An index of India’s consumer goods firms has dropped about 3% from its peak earlier this month and is now little changed this year after jumping 17% in 2022. That’s still better than the broader S&P BSE Sensex Index, which has fallen 2.6% since the end of December.

The ICICI Prudential Focused Bluechip Equity Fund co-managed by Tawakley has beaten 94% of its peers over the past three years, data compiled by Bloomberg show.

A number of big consumer players, including ITC Ltd. and Hindustan Unilever Ltd., saw profit margins jump in the latest earnings season, leading some analysts to question whether there’s much scope for further increases. At the same time, their broader performance was dragged down by the rural segment.
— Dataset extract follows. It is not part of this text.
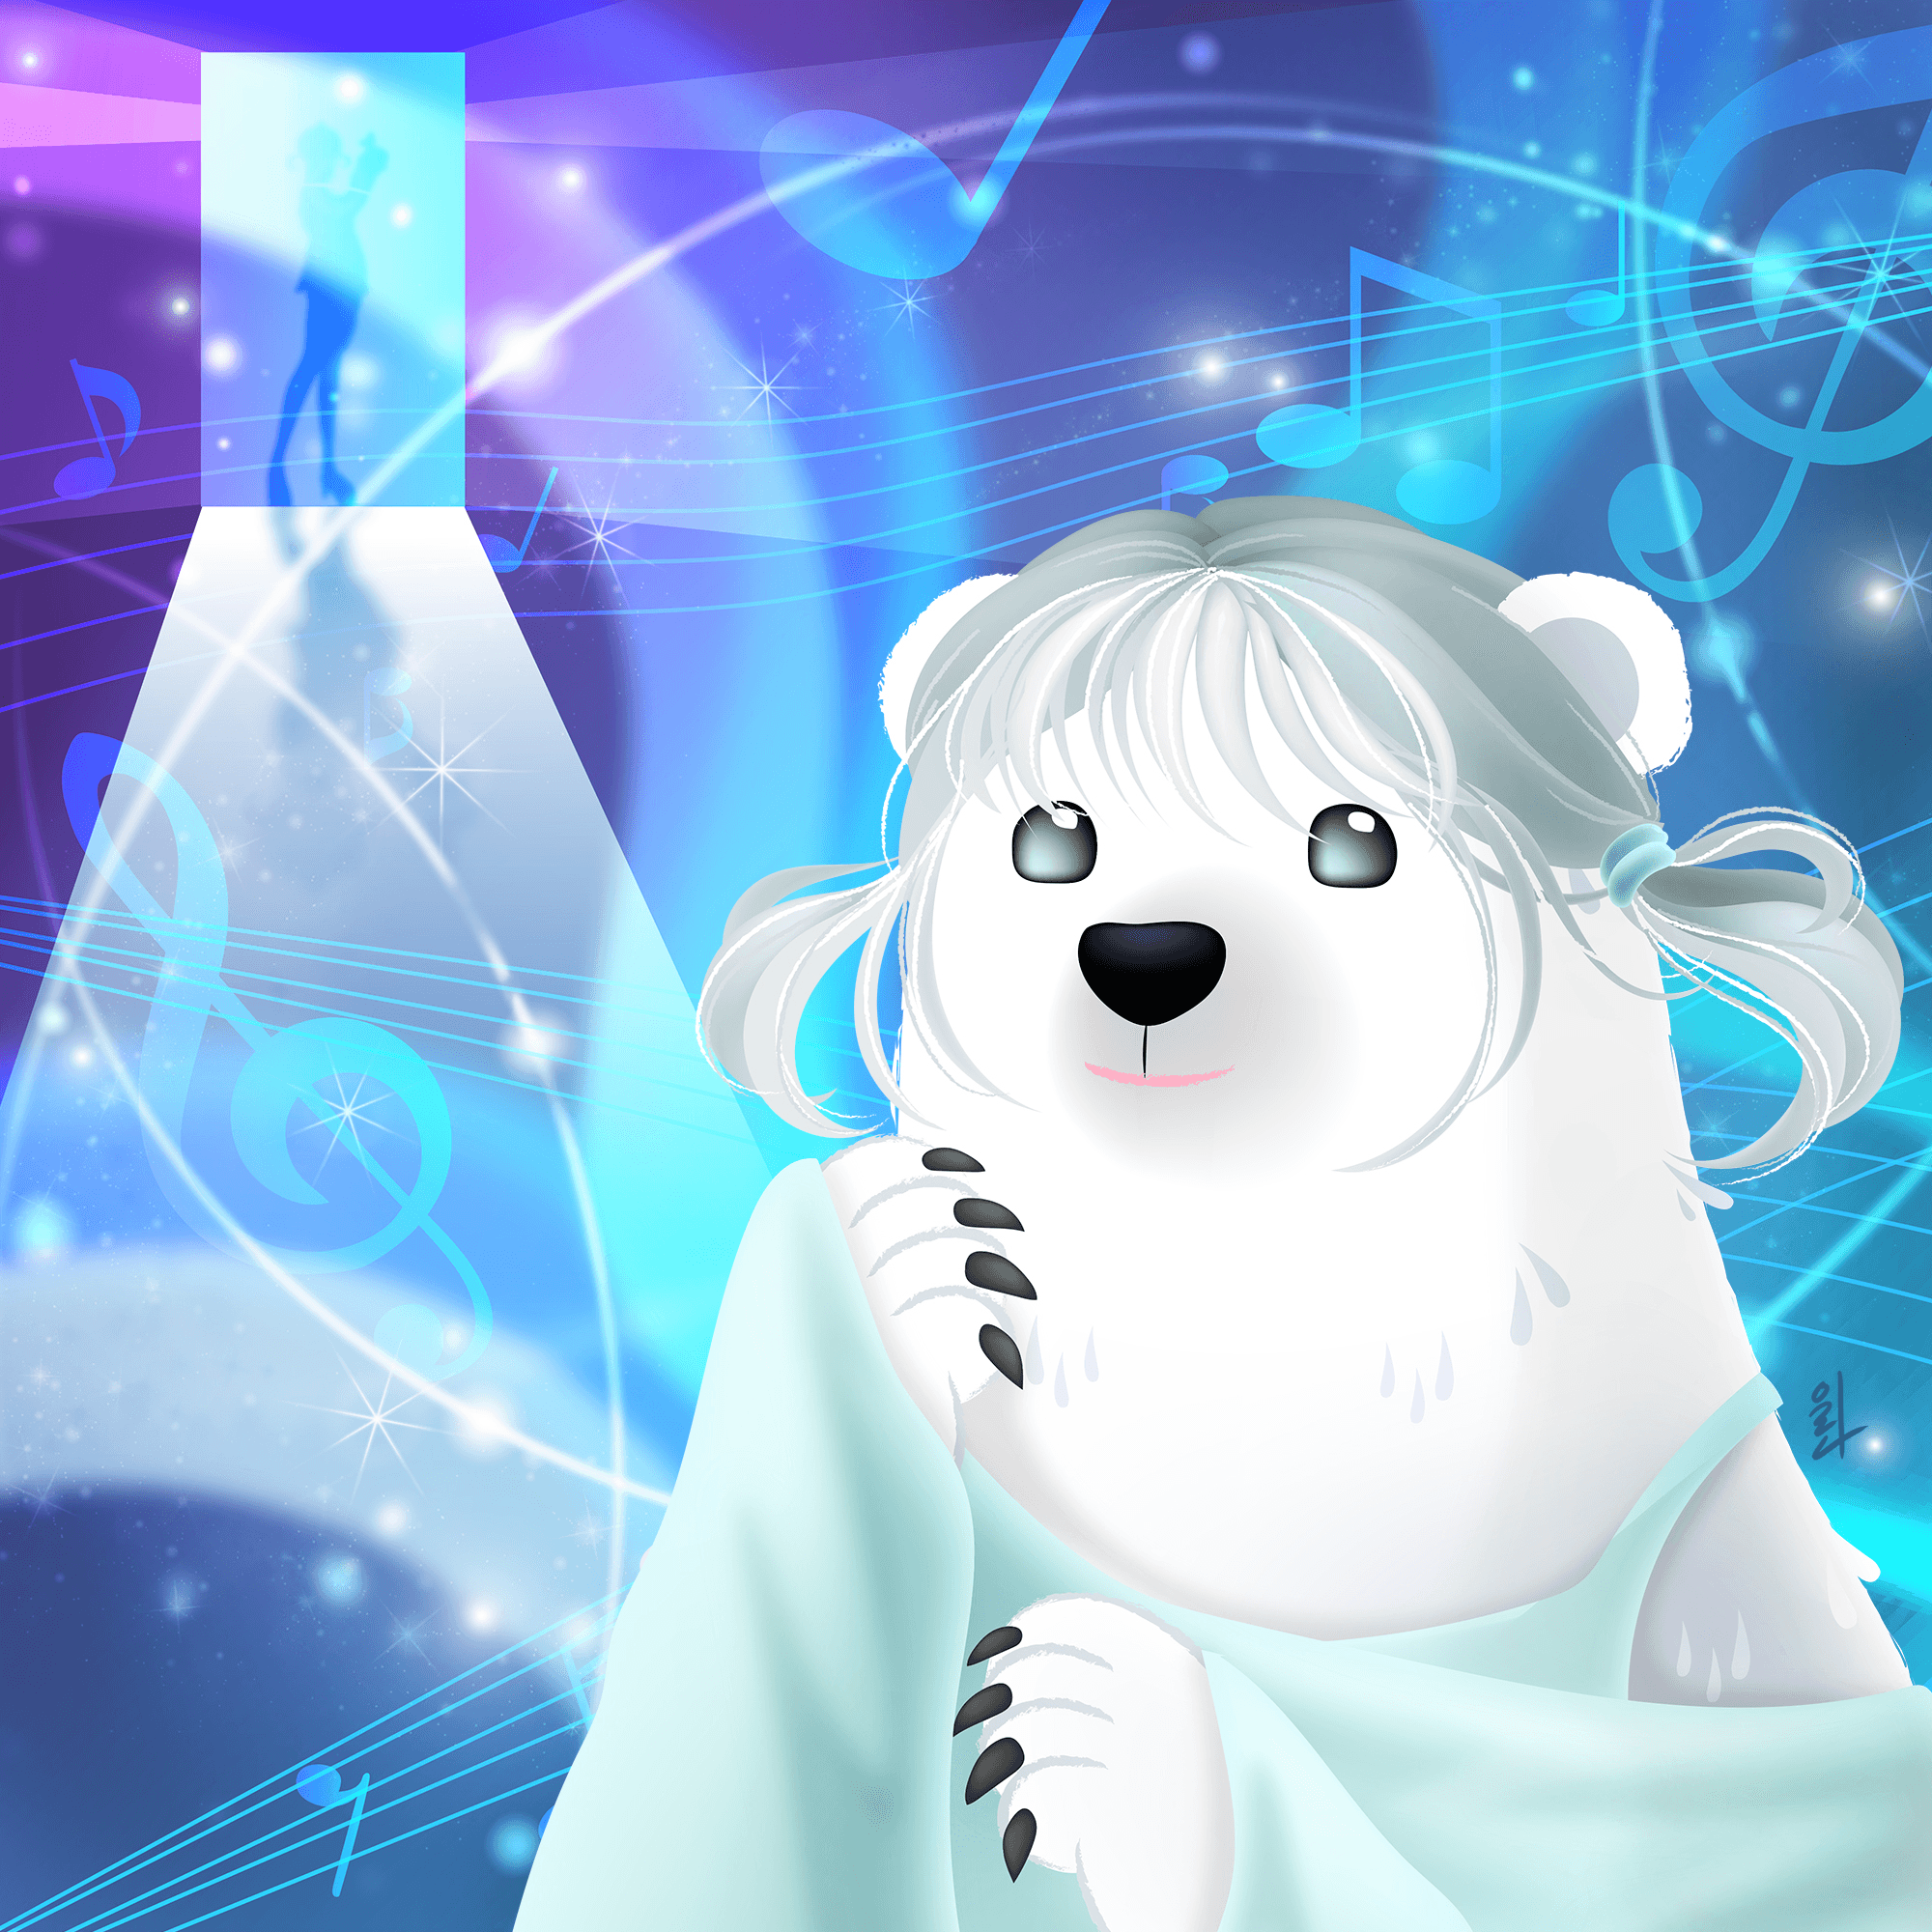 [LinaLee] reality beyond reality :Master Polar Bear 현실 너머의 현실:마스터 폴라베어

The negative impact of inflation will lead to a decline in middle-income consumption across categories such as quick-service restaurants, food delivery, paints and durable goods, Goldman Sachs Group Inc. said in a note last week.

India’s core inflation has exceeded 6% for the past 16 months, threatening to weigh on economic growth and consumer spending. The central bank expects the consumer price index to average 6.5% in the current fiscal year to March.

Tawakley said for one of his other funds he has lowered his allocation to metals and non-bank financial companies, and is instead leaning toward housing and construction-related sectors on expectations of positive earnings surprises.